Stored records:
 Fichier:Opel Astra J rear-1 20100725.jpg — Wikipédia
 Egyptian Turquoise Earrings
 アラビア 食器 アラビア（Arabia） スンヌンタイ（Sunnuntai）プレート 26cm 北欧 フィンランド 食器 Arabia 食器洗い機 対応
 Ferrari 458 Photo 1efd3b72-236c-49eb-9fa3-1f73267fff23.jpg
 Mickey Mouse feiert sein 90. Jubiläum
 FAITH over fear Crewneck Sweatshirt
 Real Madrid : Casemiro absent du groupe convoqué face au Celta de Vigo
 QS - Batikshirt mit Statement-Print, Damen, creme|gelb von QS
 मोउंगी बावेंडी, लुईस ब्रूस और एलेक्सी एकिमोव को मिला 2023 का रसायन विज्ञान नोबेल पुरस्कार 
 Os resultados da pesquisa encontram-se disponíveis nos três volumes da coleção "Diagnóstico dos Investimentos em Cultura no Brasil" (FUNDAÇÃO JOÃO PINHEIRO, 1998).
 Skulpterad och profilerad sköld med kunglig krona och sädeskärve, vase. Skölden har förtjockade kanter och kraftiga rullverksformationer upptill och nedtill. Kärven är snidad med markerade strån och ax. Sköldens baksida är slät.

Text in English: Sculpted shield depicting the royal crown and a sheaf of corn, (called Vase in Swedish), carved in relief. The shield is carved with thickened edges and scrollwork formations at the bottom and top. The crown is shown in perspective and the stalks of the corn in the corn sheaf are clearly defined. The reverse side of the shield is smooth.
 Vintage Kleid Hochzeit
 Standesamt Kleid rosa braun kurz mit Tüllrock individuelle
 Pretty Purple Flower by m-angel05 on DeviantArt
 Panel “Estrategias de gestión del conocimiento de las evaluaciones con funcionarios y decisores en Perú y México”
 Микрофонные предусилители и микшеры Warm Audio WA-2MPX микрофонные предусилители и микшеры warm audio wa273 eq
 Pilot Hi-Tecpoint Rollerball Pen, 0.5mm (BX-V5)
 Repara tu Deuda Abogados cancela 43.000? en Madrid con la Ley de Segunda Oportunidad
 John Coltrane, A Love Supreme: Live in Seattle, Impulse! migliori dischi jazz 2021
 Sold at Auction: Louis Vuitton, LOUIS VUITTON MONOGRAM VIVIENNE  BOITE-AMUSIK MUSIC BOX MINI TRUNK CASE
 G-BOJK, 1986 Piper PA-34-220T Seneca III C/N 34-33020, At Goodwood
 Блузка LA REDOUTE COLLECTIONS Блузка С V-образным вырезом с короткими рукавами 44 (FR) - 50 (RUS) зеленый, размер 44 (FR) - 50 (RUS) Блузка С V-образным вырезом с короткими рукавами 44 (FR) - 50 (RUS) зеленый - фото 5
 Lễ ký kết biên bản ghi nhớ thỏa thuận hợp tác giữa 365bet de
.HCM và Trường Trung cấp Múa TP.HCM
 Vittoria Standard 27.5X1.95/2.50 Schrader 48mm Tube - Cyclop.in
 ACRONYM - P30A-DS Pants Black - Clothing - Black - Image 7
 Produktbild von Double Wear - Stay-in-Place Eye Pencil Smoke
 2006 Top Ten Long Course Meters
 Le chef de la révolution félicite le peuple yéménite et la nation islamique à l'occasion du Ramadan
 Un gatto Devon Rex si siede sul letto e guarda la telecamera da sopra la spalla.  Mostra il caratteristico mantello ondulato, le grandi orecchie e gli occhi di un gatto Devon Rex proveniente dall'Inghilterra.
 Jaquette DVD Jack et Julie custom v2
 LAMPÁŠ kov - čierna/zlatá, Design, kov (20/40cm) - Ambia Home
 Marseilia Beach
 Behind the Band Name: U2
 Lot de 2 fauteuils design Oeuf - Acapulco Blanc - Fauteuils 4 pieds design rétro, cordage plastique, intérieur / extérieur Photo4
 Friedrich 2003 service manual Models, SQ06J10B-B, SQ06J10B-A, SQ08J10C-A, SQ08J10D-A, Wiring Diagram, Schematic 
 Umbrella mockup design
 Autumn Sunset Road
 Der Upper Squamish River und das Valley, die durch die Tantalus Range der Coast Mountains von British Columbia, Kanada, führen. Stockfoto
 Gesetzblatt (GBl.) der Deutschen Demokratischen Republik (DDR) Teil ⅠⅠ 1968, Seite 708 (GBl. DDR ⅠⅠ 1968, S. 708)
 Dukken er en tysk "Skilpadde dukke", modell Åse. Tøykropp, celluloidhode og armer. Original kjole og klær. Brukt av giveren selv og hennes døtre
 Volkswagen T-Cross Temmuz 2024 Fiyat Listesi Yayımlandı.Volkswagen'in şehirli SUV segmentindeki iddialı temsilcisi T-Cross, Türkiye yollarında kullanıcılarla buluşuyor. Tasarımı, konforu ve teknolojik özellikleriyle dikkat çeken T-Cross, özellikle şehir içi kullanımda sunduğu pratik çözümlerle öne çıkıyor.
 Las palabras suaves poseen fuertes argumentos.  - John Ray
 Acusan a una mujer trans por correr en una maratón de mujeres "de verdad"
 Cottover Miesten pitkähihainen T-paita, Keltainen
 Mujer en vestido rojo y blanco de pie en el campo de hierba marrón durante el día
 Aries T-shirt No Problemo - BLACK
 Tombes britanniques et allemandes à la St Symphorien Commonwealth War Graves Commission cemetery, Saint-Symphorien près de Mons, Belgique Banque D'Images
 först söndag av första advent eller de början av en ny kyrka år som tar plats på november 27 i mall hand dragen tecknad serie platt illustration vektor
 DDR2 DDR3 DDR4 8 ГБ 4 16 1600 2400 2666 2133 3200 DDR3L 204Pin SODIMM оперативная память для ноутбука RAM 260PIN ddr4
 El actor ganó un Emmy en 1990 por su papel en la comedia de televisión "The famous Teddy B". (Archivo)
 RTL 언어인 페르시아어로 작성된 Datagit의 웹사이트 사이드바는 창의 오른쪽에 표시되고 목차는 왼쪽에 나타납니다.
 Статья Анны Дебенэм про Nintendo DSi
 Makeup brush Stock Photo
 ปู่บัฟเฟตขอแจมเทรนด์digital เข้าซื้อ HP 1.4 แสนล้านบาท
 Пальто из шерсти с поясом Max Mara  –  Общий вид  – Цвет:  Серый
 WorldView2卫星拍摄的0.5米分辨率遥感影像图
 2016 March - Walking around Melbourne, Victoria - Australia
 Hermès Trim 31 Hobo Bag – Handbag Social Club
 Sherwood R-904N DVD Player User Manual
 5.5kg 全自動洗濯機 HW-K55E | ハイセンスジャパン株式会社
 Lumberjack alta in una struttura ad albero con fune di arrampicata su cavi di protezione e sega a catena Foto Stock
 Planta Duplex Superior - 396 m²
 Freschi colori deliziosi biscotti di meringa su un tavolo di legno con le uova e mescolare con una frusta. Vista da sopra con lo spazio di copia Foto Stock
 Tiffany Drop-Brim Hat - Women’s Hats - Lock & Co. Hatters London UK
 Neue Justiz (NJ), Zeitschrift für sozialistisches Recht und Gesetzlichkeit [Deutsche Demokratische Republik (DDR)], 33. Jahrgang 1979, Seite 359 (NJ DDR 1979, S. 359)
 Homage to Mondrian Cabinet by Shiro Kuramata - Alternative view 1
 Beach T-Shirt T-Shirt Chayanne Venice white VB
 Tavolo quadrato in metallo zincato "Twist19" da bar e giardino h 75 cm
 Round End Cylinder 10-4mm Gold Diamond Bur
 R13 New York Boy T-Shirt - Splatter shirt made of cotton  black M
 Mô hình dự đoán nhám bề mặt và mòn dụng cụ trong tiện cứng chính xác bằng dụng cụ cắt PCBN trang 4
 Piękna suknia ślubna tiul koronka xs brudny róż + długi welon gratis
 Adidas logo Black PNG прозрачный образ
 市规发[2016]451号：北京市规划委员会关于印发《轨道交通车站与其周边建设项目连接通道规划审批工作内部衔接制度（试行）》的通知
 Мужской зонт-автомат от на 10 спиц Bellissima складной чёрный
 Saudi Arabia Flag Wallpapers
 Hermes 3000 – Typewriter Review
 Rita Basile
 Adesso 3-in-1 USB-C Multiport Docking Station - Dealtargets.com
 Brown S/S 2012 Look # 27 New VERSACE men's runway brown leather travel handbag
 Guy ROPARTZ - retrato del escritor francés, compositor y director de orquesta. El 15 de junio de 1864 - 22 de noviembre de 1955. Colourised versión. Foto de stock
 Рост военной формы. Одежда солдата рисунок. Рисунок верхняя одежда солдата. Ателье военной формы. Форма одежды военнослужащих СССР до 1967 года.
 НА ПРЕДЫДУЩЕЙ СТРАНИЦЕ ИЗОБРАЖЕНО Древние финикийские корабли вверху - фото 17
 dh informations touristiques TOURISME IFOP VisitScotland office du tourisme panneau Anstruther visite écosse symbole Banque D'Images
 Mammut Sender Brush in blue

PROBLEM DETAILS. Please copy only the lines from the one with "Guy ROPARTZ - retrato" through the final line of the records above, both ends included.

TASK RESPONSE.
 Guy ROPARTZ - retrato del escritor francés, compositor y director de orquesta. El 15 de junio de 1864 - 22 de noviembre de 1955. Colourised versión. Foto de stock
 Рост военной формы. Одежда солдата рисунок. Рисунок верхняя одежда солдата. Ателье военной формы. Форма одежды военнослужащих СССР до 1967 года.
 НА ПРЕДЫДУЩЕЙ СТРАНИЦЕ ИЗОБРАЖЕНО Древние финикийские корабли вверху - фото 17
 dh informations touristiques TOURISME IFOP VisitScotland office du tourisme panneau Anstruther visite écosse symbole Banque D'Images
 Mammut Sender Brush in blue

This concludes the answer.